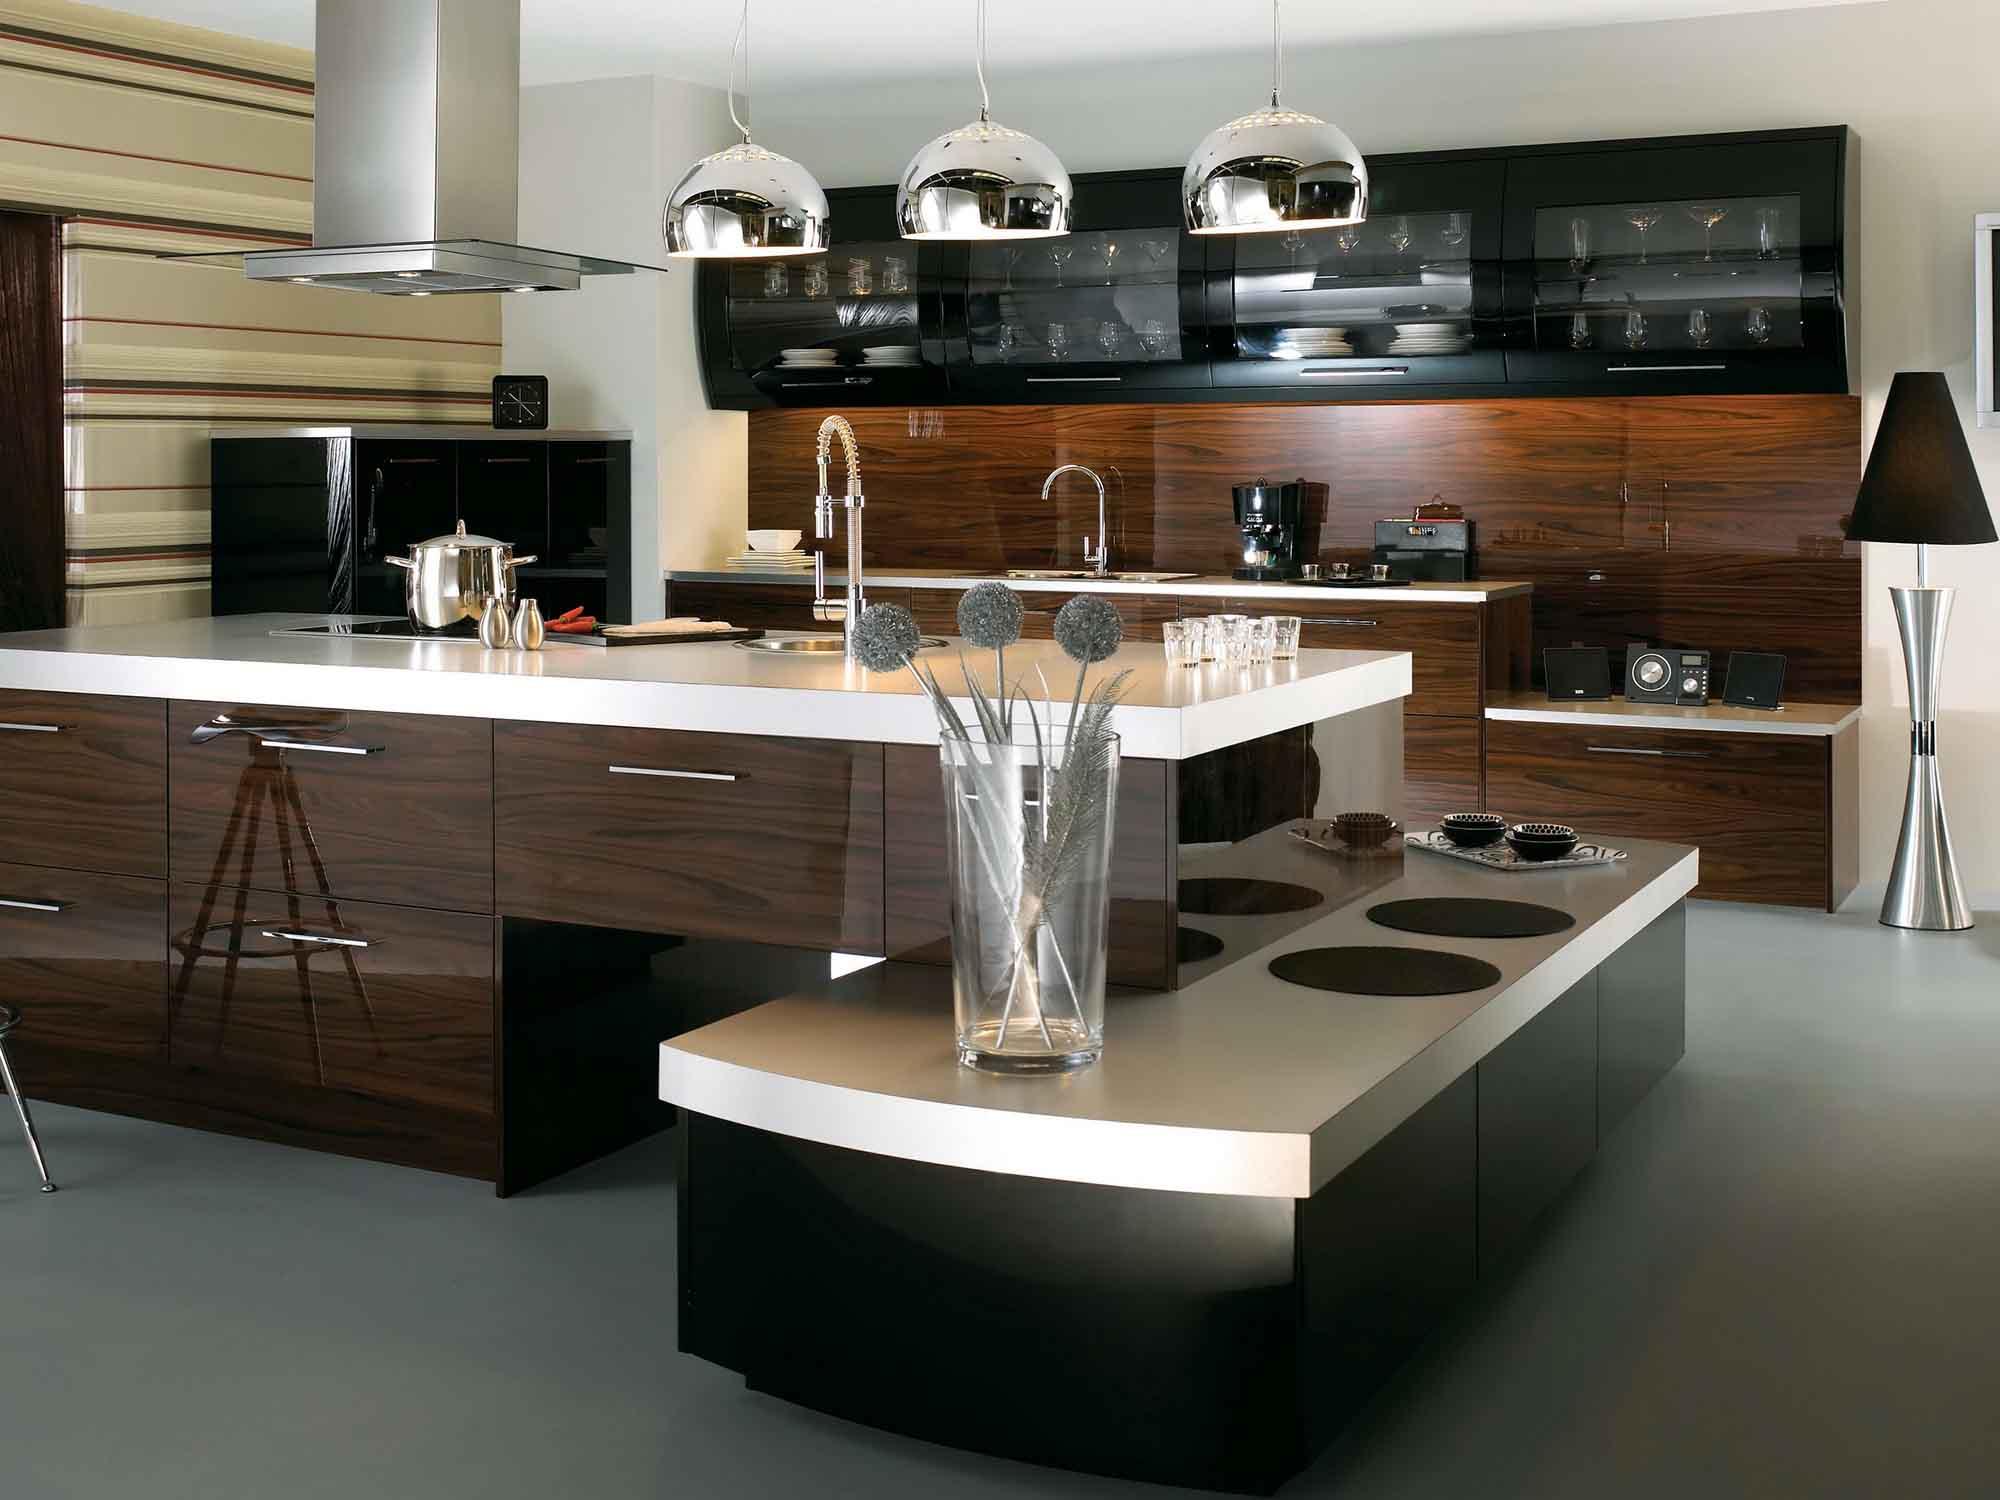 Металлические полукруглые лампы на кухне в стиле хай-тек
==
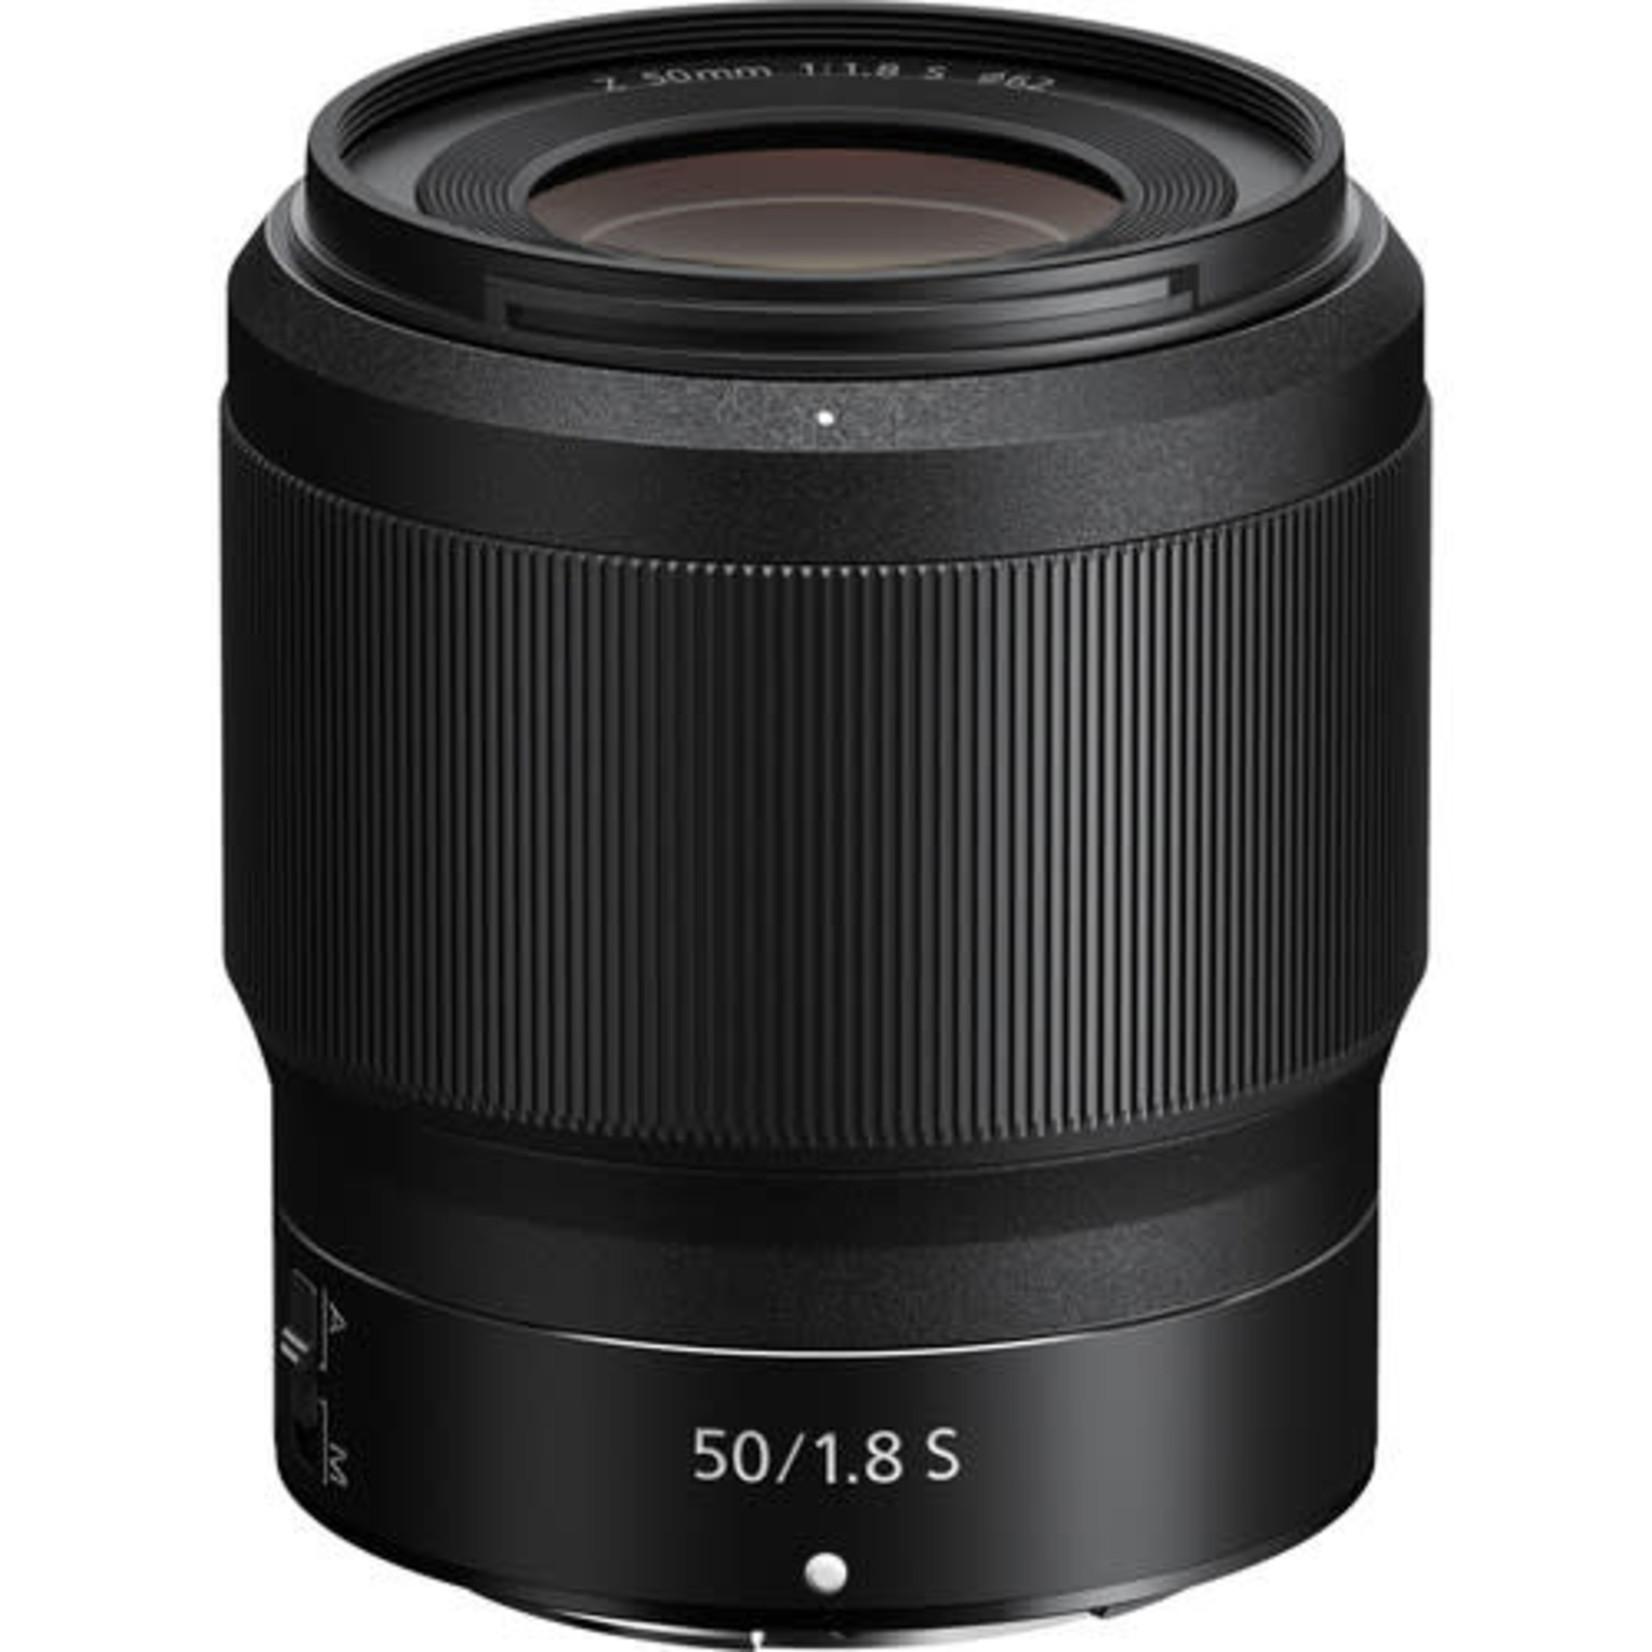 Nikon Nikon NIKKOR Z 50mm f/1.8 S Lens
* * *
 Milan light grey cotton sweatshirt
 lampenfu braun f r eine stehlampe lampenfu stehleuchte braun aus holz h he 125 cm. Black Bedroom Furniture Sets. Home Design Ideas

▶ PROBLEM DETAILS
Given the records above, reproduce precisely and only the lines between the line holding "Milan light grey cotton sweatshirt" and the line holding "lampenfu braun f", inclusive.

▶ YOUR RESPONSE
 Milan light grey cotton sweatshirt
 lampenfu braun f r eine stehlampe lampenfu stehleuchte braun aus holz h he 125 cm. Black Bedroom Furniture Sets. Home Design Ideas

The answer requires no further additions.